In many ways we are like the early explorers blazing the trails and uncovering life’s mysteries for those who will follow us decades later. This month’s column will start with me sharing my experiences with you. I hope to follow up with additional articles that focus specifically on what you can do to help keep yourself moving forward whether you have ET, PV or MF.
The two biggest challenges I’ve faced so far are an enlarged spleen and dealing with the mental impact of my new diagnosis. Constantly worried as to how much time I have left my Chi was completely out of whack. I was miserable to be around and drove everyone crazy. I regularly ranted on and on with my darkest thoughts. I even stopped exercising during the first few weeks, a huge mistake.
July 14 2012
I was sitting in my backyard when my iPhone calendar reminder popped up. It said one week to Healdsburg Ride. I had totally forgotten about the ride with everything going on. In one week I had a forty-five mile bike ride through the rolling hills of the beautiful wine country of Healdsburg, CA July 21st and I had not been training for almost three weeks. I began to wonder if I could even complete the ride. I ran into the house and with a panic on my face told my wife the ride was next week. She looked at me and said. “ So what. You don’t think you can do it? Get on your bike right now and find out.”

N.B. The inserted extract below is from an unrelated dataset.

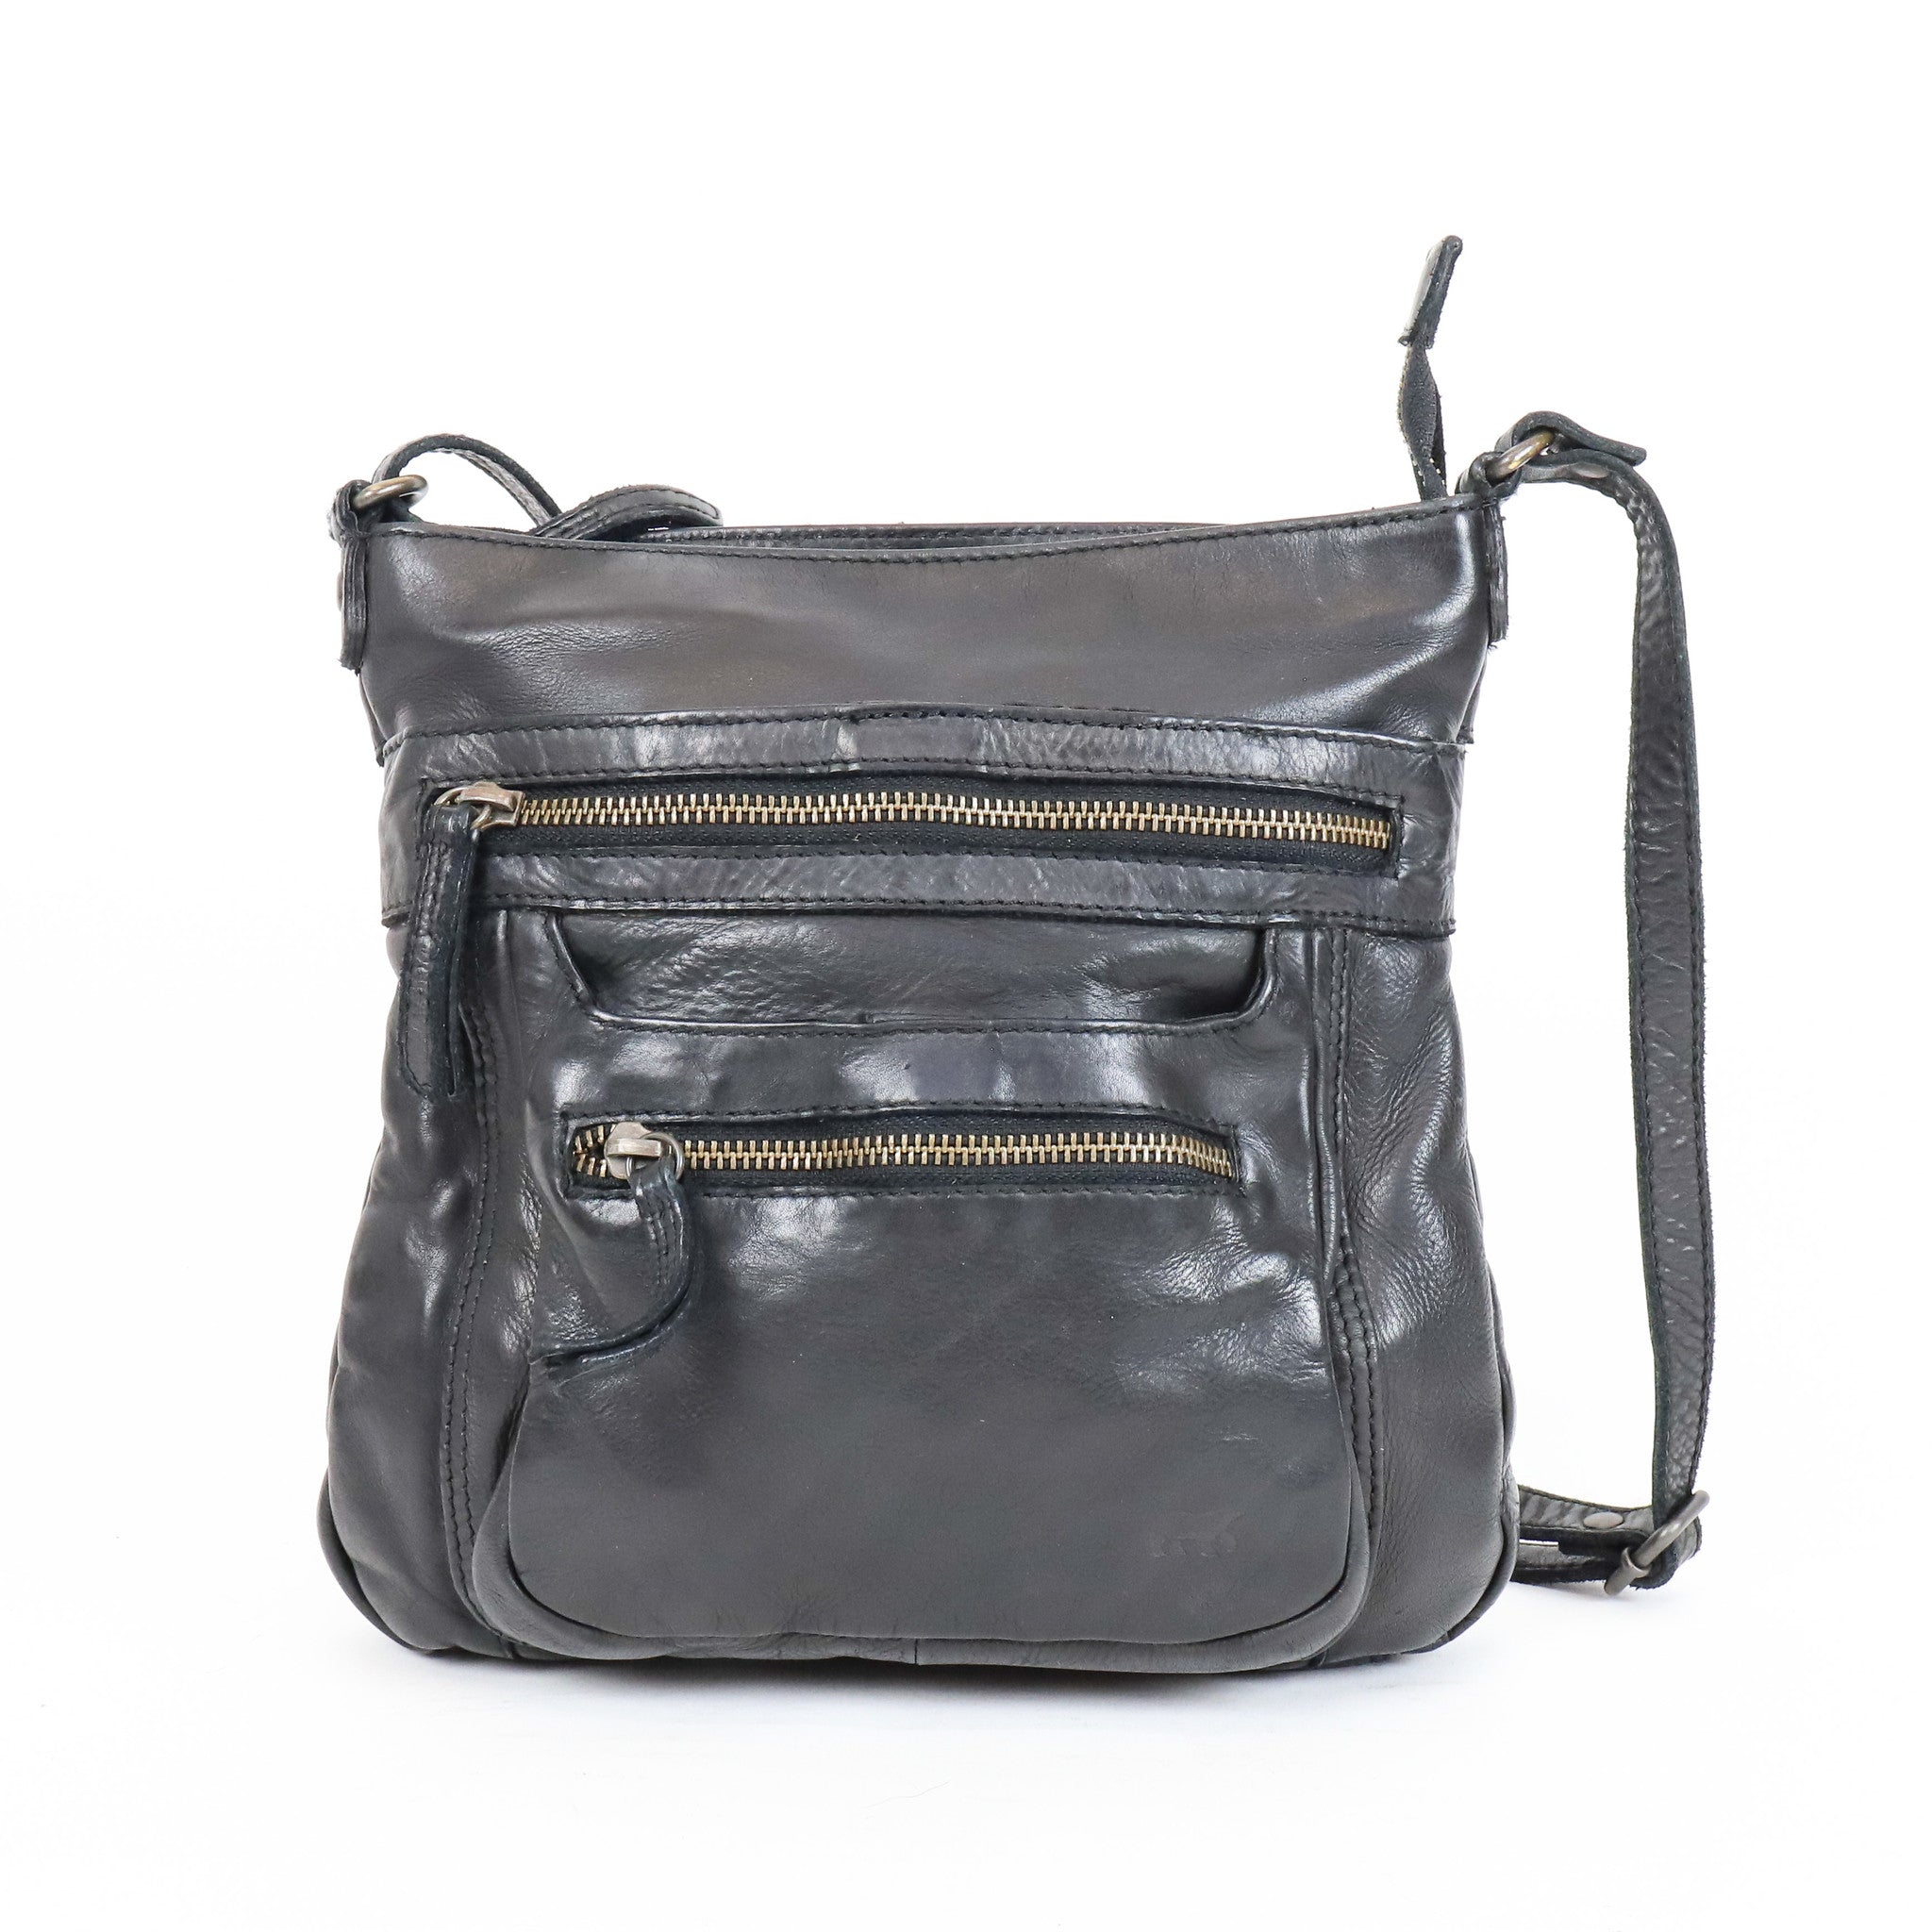 Shoulder bag 'Marion' black - CL 40496

I changed into my cycling garb, grabbed my bike headed out on my local twenty-six mile training loop.
This loop is a good test as it has an excellent combination of steep and rolling hills to test out my lungs and oxygen capacity. With some long straightaways to see how long I can hold a steady speed of 25 MPH. In the past I use this loop along with indoor spin training to measure my cardiovascular abilities. I highly recommend you create your own loop for cycling, running or walking.
During the ride I noticed one significant change. My enlarged spleen created a huge problem for me when I needed to get out of my seat and push up a steep hill, something that is necessary for riding up hills. I had never experienced this previously so I was not sure what the impact would be on a much longer ride with steeper and much longer hill climbing.
Day of Reckoning
The sound of a hotel phone ringing announcing a 5:15AM wakeup call is never a pleasant experience no matter where you are. Knowing it’s going to hit 100 degrees on the ride today is much worse. I loaded up both my water bottles with HEED and then made breakfast and headed out for the start of the ride.
As I began the ride it’s a beautiful clear sunny morning. There is still plenty of shade. The large hills in the background are a long way off at this point but they await me.
At mile thirty I am starting to get painful cramping as I limp my way in to the last of the sponsored rest stops, where food and beverage is plentiful. I never get cramps when I ride as I eat a constant diet and consume a lot of fluids during rides of more than two hours to keep my system balanced.
At the stop I consume four bananas, a full liter of Gatorade and some peanut butter cookies and head back out on the road. According to my GPS it’s now ninety-three degrees and not a cloud in sight.
At mile forty I am climbing my last hill and completely drenched from perspiration. Pedaling through the cramps is getting difficult now. I have to rest for five minutes. The bananas and Gatorade should have killed any cramps. As I get back on my bike and pedal off I wonder to myself is this how my longer rides will be with MF.
Almost there now I can see the parking lot where my car awaits. 500 feet left to go when my legs seize up from cramps. My shoes are locked in to the clips and the cramps are so bad I cannot move my legs to release my feet from the clips. I know what’s coming next and I attempt to point my bike to the grass alongside the road but we do not make it.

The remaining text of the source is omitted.